Task —
What is needed is an exact copy of the whole listing below, with no pictures.

Input data —
◆ ◆ ◆

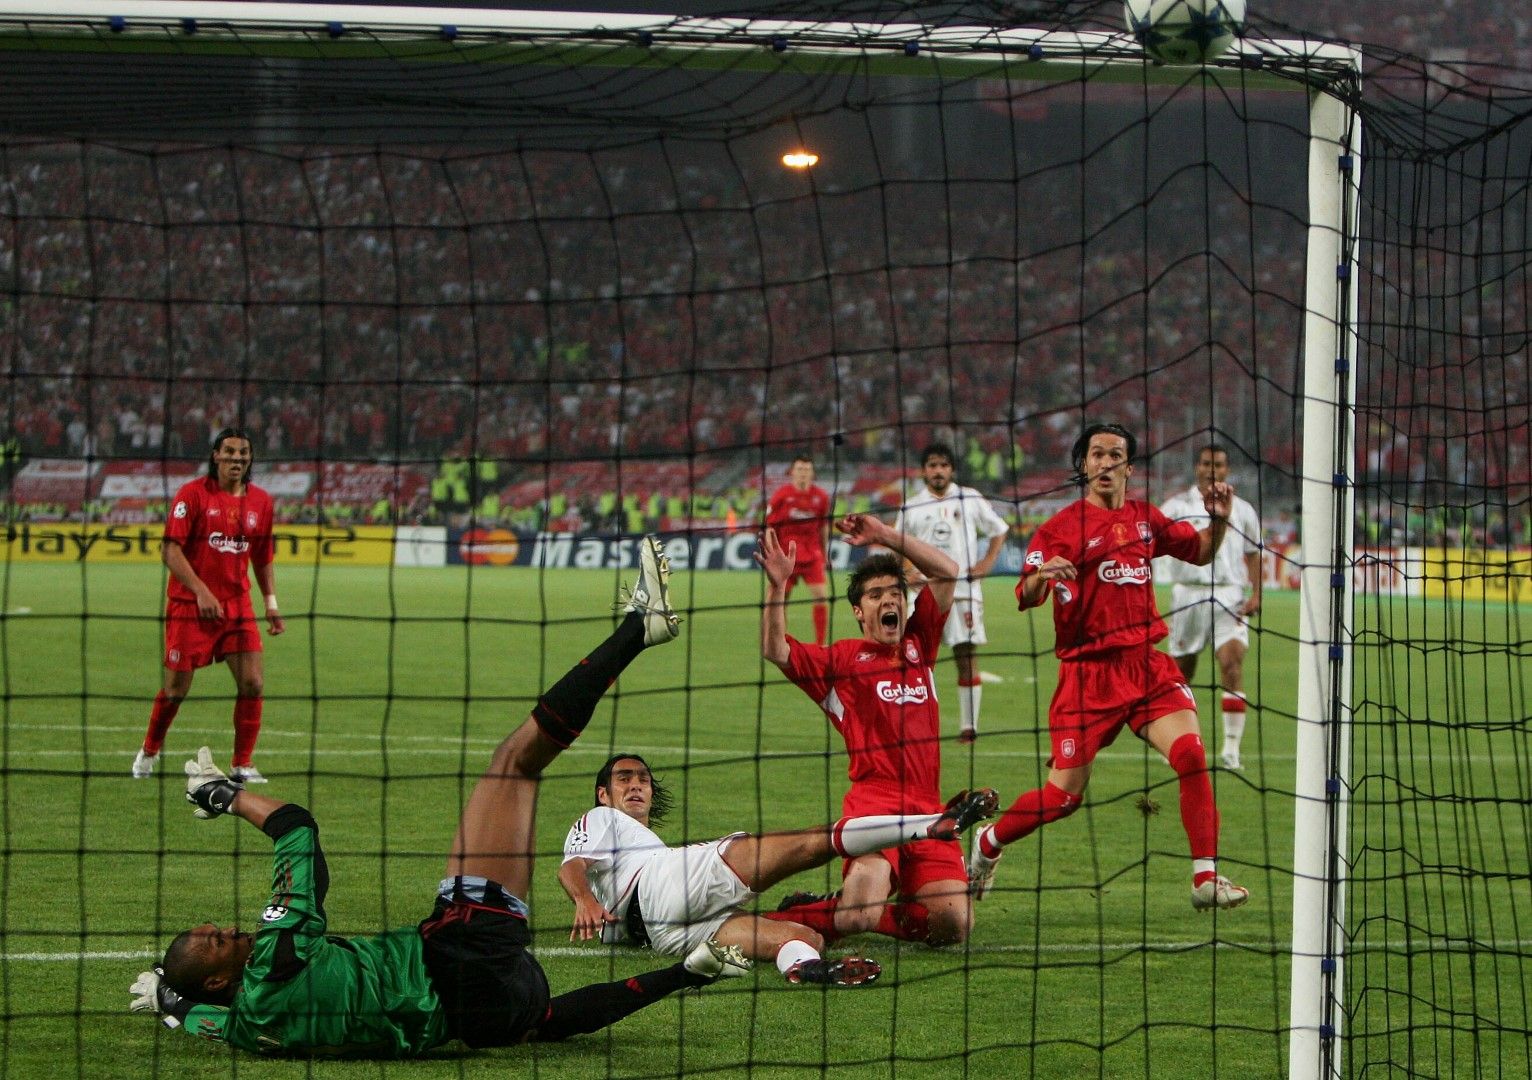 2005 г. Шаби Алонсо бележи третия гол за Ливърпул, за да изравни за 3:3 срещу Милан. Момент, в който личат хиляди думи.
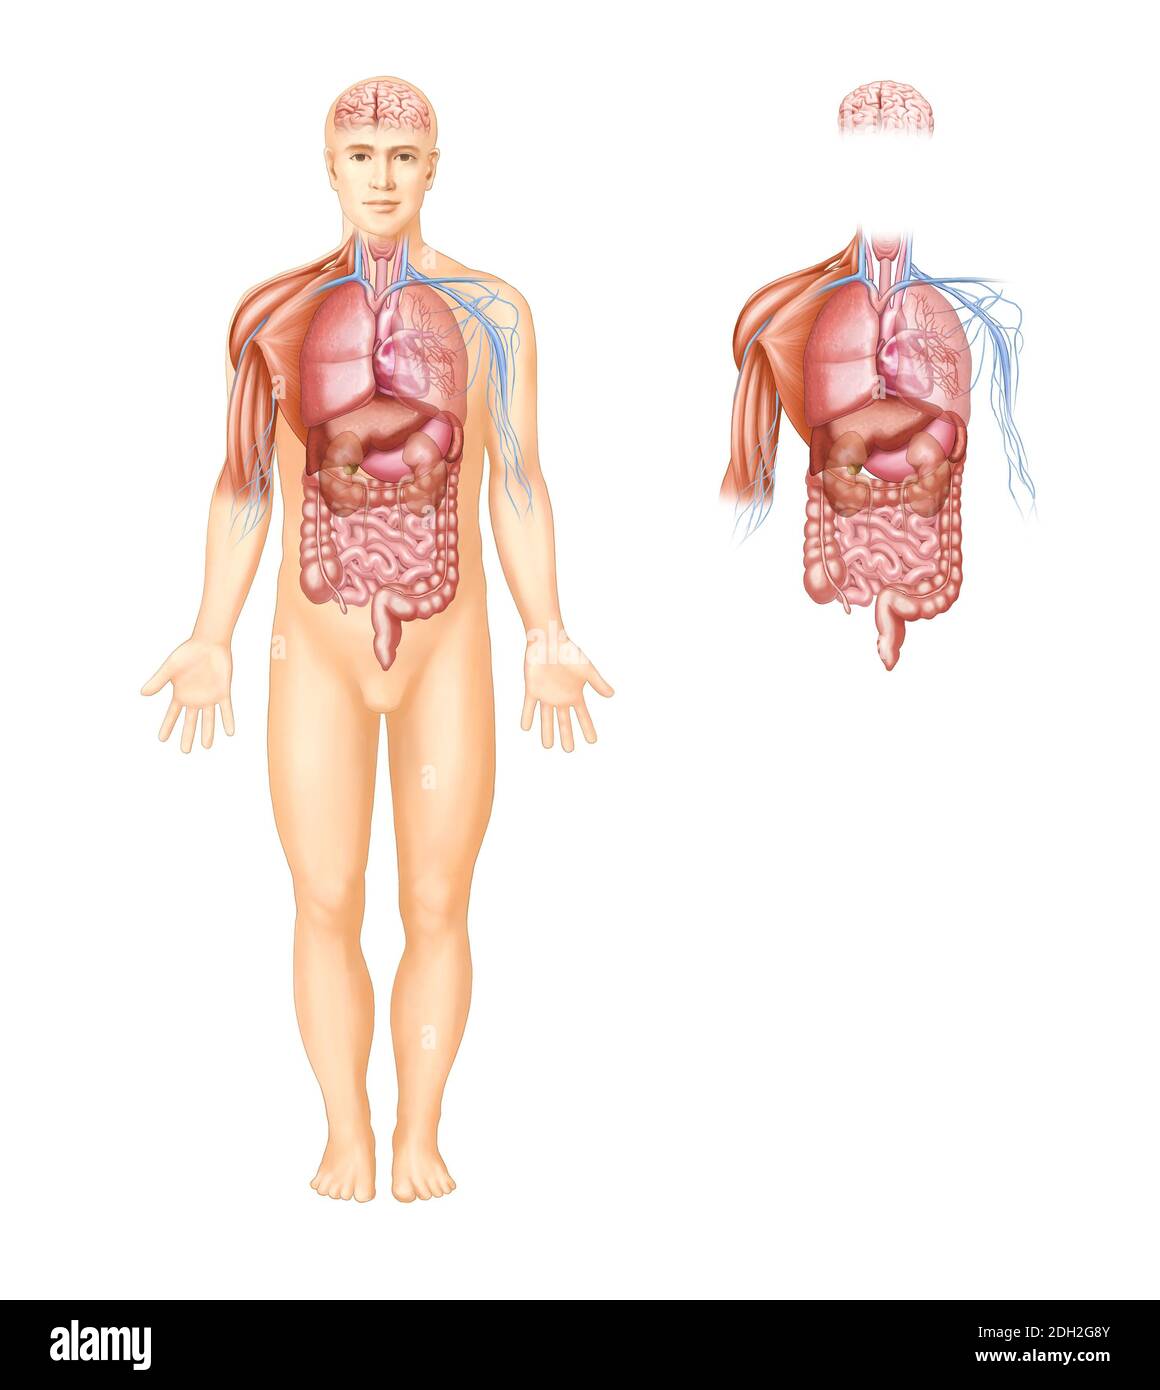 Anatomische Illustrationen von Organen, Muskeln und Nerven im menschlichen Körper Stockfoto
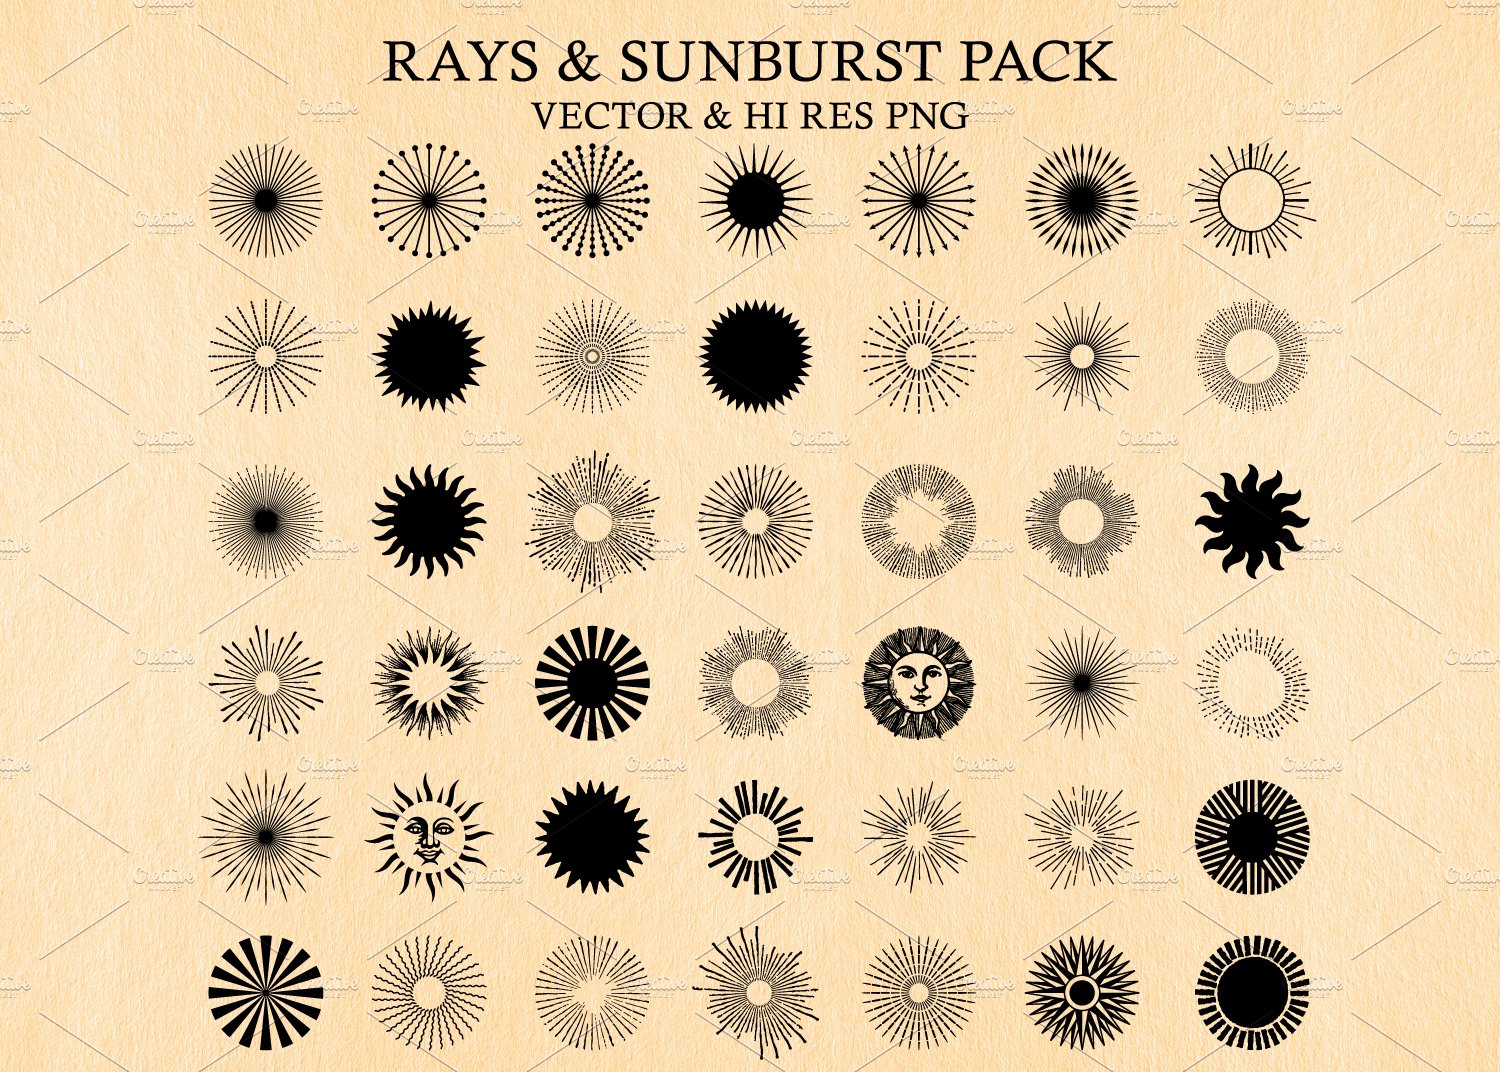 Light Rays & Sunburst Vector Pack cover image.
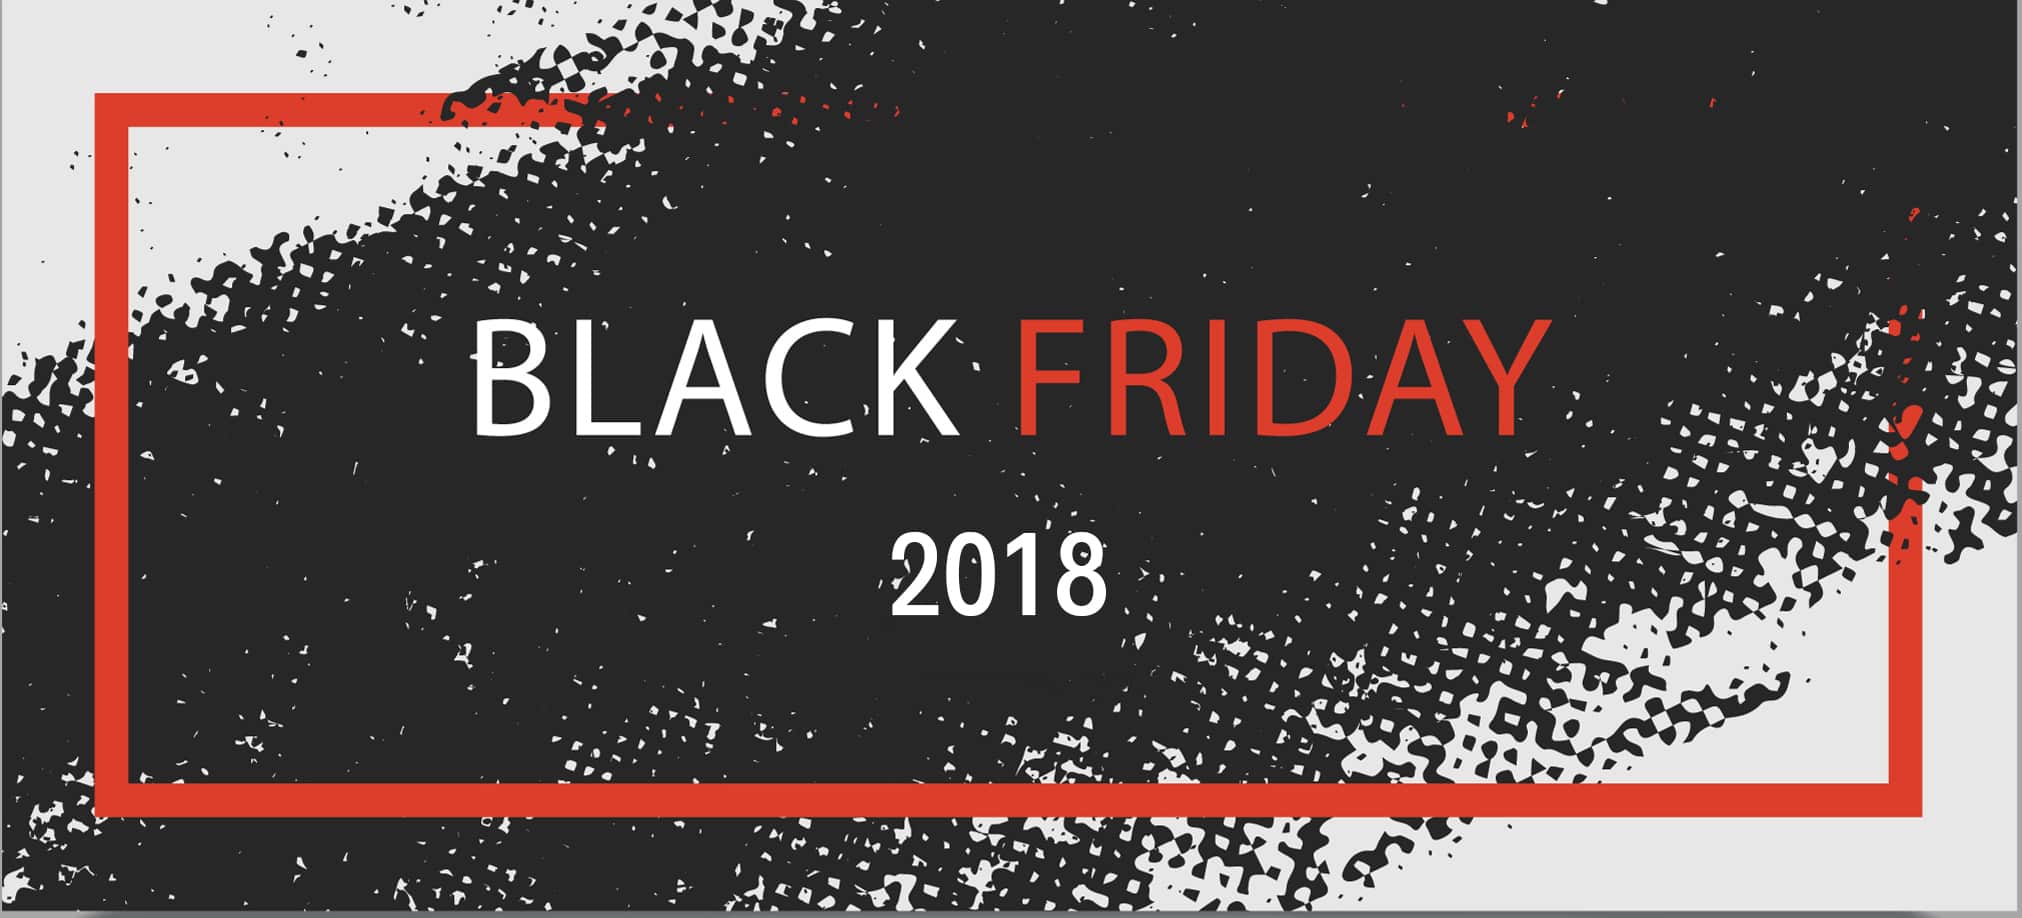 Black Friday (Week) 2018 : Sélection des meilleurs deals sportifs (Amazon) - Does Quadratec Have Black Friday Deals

◆ ◆ ◆

Solution for this task —
 2005 г. Шаби Алонсо бележи третия гол за Ливърпул, за да изравни за 3:3 срещу Милан. Момент, в който личат хиляди думи.
 Anatomische Illustrationen von Organen, Muskeln und Nerven im menschlichen Körper Stockfoto
 Light Rays & Sunburst Vector Pack cover image.
 Black Friday (Week) 2018 : Sélection des meilleurs deals sportifs (Amazon) - Does Quadratec Have Black Friday Deals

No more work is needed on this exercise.